Department of Biomedical Science for Health, Division of General Surgery, Istituto Clinico Sant'Ambrogio, University of Milan, Via Luigi Giuseppe Faravelli, 16, 20149, Milan, Italy.
Department of Biomedical and Clinical Sciences, "Luigi Sacco" Hospital, University of Milan, Milan, Italy.
Updates Surg. 2021 Jun;73(3):909-922. doi: 10.1007/s13304-020-00916-1. Epub 2020 Dec 14.
The treatment of periampullary and pancreatic head neoplasms is evolving. While minimally invasive Pancreaticoduodenectomy (PD) has gained worldwide interest, there has been a debate on its related outcomes. The purpose of this paper was to provide an updated evidence comparing short-term surgical and oncologic outcomes within Open Pancreaticoduodenectomy (OpenPD), Laparoscopic Pancreaticoduodenectomy (LapPD), and Robotic Pancreaticoduodenectomy (RobPD). MEDLINE, Web of Science, PubMed, Cochrane Central Library, and ClinicalTrials.gov were referred for systematic search. A Bayesian network meta-analysis was executed. Forty-one articles (56,440 patients) were included; 48,382 (85.7%) underwent OpenPD, 5570 (9.8%) LapPD, and 2488 (4.5%) RobPD. Compared to OpenPD, LapPD and RobPD had similar postoperative mortality [Risk Ratio (RR) = 1.26; 95%CrI 0.91-1.61 and RR = 0.78; 95%CrI 0.54-1.12)], clinically relevant (grade B/C) postoperative pancreatic fistula (POPF) (RR = 1.12; 95%CrI 0.82-1.43 and RR = 0.87; 95%CrI 0.64-1.14, respectively), and severe (Clavien-Dindo ≥ 3) postoperative complications (RR = 1.03; 95%CrI 0.80-1.46 and RR = 0.93; 95%CrI 0.65-1.14, respectively). Compared to OpenPD, both LapPD and RobPD had significantly reduced hospital length-of-stay, estimated blood loss, infectious, pulmonary, overall complications, postoperative bleeding, and hospital readmission. No differences were found in the number of retrieved lymph nodes and R0. OpenPD, LapPD, and RobPD seem to be comparable across clinically relevant POPF, severe complications, postoperative mortality, retrieved lymphnodes, and R0. LapPD and RobPD appears to be safer in terms of infectious, pulmonary, and overall complications with reduced hospital readmission We advocate surgeons to choose their preferred surgical approach according to their expertise, however, the adoption of minimally invasive techniques may possibly improve patients' outcomes.
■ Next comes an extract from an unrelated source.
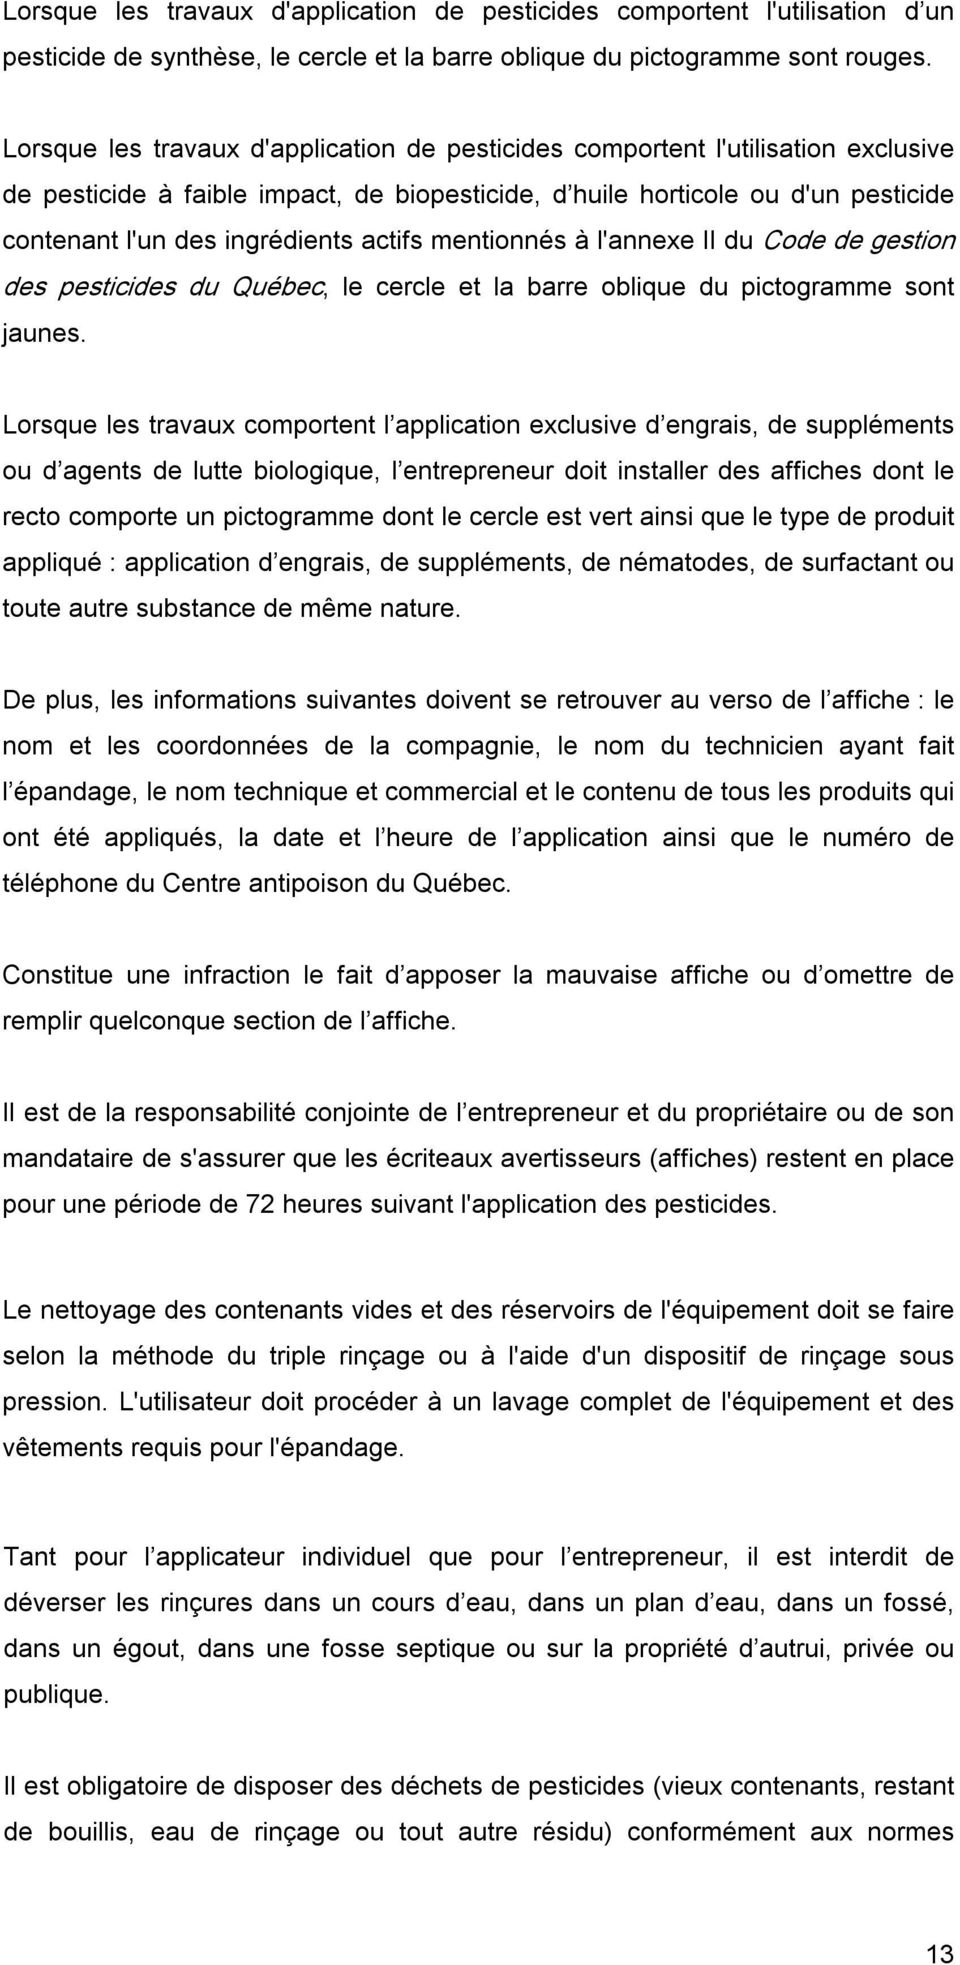 actifs mentionnés à l'annexe II du Code de gestion des pesticides du Québec, le cercle et la barre oblique du pictogramme sont jaunes.

胰头和壶腹周围肿瘤的治疗方法正在不断发展。虽然微创胰十二指肠切除术(PD)已在全球范围内引起关注,但有关其相关结果的争议仍在继续。本文旨在提供比较开腹胰十二指肠切除术(OpenPD)、腹腔镜胰十二指肠切除术(LapPD)和机器人胰十二指肠切除术(RobPD)的短期手术和肿瘤学结果的最新证据。通过 MEDLINE、Web of Science、PubMed、Cochrane 中心图书馆和 ClinicalTrials.gov 进行了系统检索。进行了贝叶斯网络荟萃分析。共纳入 41 篇文章(56440 例患者);其中 48382 例(85.7%)行 OpenPD,5570 例(9.8%)行 LapPD,2488 例(4.5%)行 RobPD。与 OpenPD 相比,LapPD 和 RobPD 的术后死亡率相似[风险比(RR)=1.26;95%可信区间(CrI)0.91-1.61 和 RR=0.78;95%CrI 0.54-1.12],临床相关(B/C 级)术后胰瘘(POPF)(RR=1.12;95%CrI 0.82-1.43 和 RR=0.87;95%CrI 0.64-1.14)和严重(Clavien-Dindo≥3)术后并发症(RR=1.03;95%CrI 0.80-1.46 和 RR=0.93;95%CrI 0.65-1.14)相似。与 OpenPD 相比,LapPD 和 RobPD 均显著缩短了住院时间、估计失血量、感染、肺部、总并发症、术后出血和住院再入院。在检出的淋巴结数量和 R0 方面没有差异。OpenPD、LapPD 和 RobPD 在临床相关的 POPF、严重并发症、术后死亡率、检出的淋巴结和 R0 方面似乎具有可比性。LapPD 和 RobPD 在感染、肺部和总并发症方面似乎更安全,住院再入院率更低。我们主张外科医生根据自己的专业知识选择首选的手术方法,但采用微创技术可能会改善患者的预后。